BENTONVILLE, AR – After making arrangements to acquire one of its largest international e-commerce rivals in Flipkart this month, Walmart has announced robust first quarter results including significant revenue and net sales increases.
"We delivered a solid first quarter, and we're encouraged by the continued momentum across the business," said Doug McMillon, President and CEO, in a press release. "We're transforming to better serve customers. We are changing from within to be faster and more digital, while shaping our portfolio of businesses for the future. Our strong cash flow and balance sheet provide flexibility to do so. I want to thank our associates and our leadership team for the choices they're making, their strong sense of urgency and the actions they're taking.

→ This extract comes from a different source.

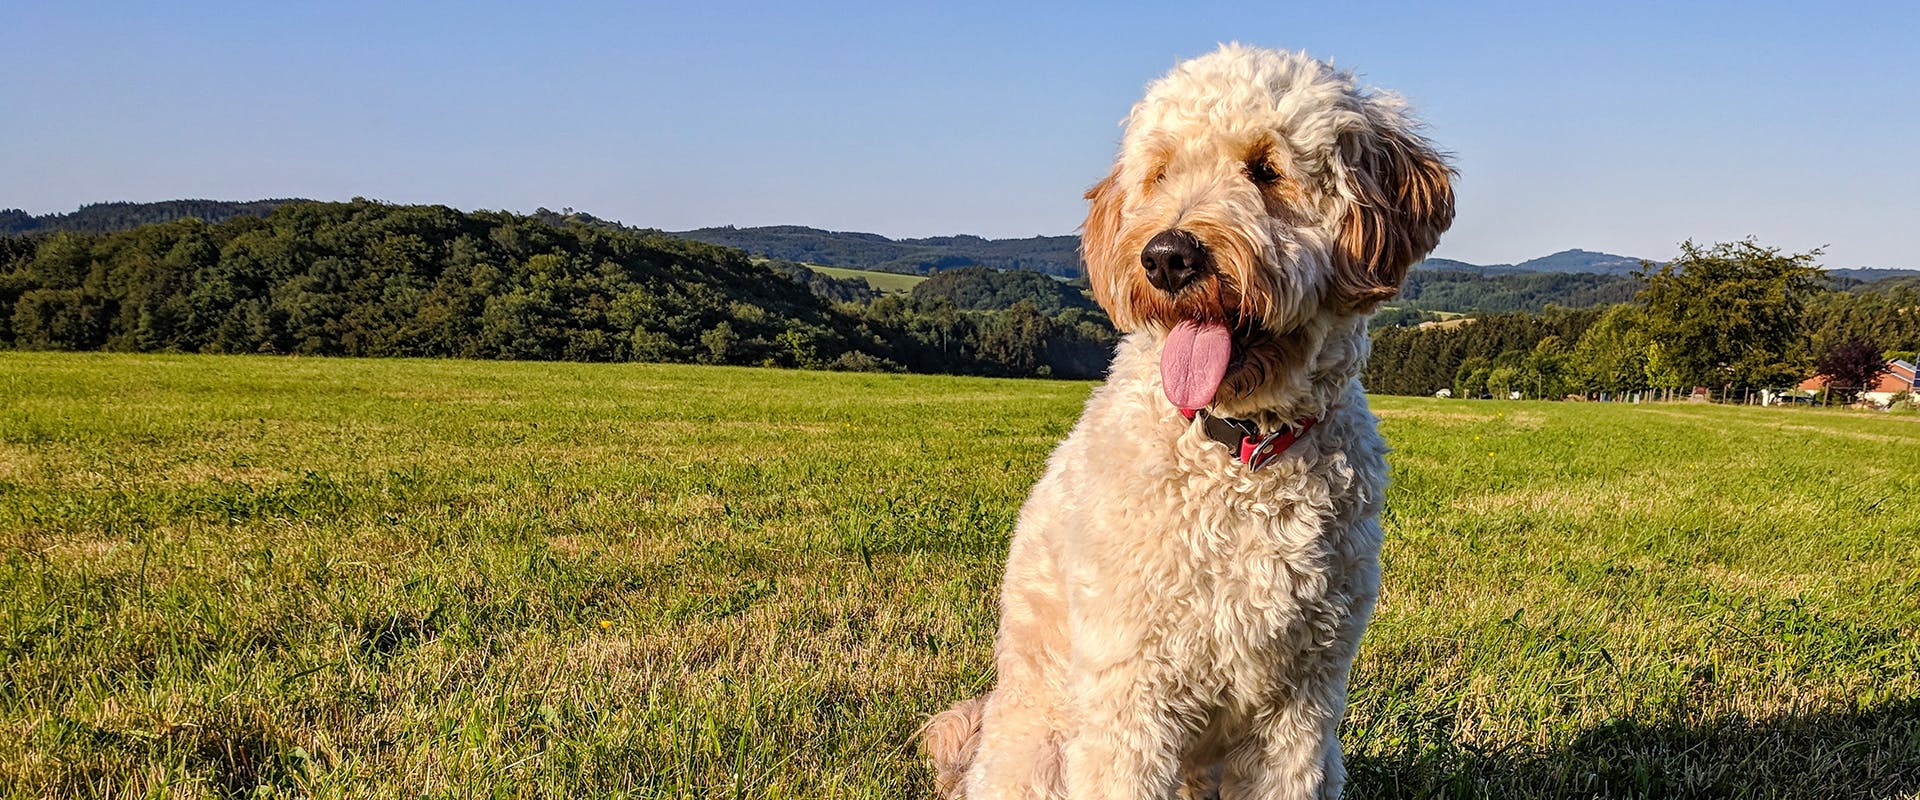 A Goldendoodle sitting outdoors in a large field

Our people make the difference, and I'm proud to work with them."
Highlights from the company’s Q1 report include:
- Total revenue was $122.7 billion, an increase of $5.1 billion, or 4.4%. Excluding currency, total revenue was $120.7 billion, an increase of $3.2 billion, or 2.7%
- GAAP EPS declined 28% and Adjusted EPS2 increased 14%
- Walmart U.S. comp sales1,2 increased 2.1%, and comp traffic increased 0.8%
- Sam's Club comp sales increased 3.8% led by comp traffic growth of 5.6%. Tobacco sales negatively impacted comp sales by approximately 140 basis points
- Net sales at Walmart International were $30.3 billion, an increase of 11.7%. Excluding currency, net sales were $28.3 billion, an increase of 4.5%. Eight of eleven markets posted positive comp sales, including our four largest markets
- The company generated $5.2 billion in operating cash flow
According to a CNBC report, the company bested Wall Street’s expectations for both earnings and revenue, bolstered by a 33 percent increase in online sales and strong sales from Sam’s Club—particularly in the realm of fresh food.
The company also noted that it divested from banking operations in Walmart Canada and Chile and also sold controlling interest in its U.K. subsidiary ASDA to Sainsbury, this quarter, in exchange for cash and approximately 42 percent of the combined company.
On May 9, 2018, Walmart signed definitive agreements to become the largest shareholder in Flipkart, pledging $16 billion to acquire roughly 77 percent of the e-commerce platform pending regulatory approval. The investment in Flipkart is expected to negatively impact fiscal year 2019 EPS by approximately $0.25 to $0.30—though the company will wait until Q2 to update its full year guidance.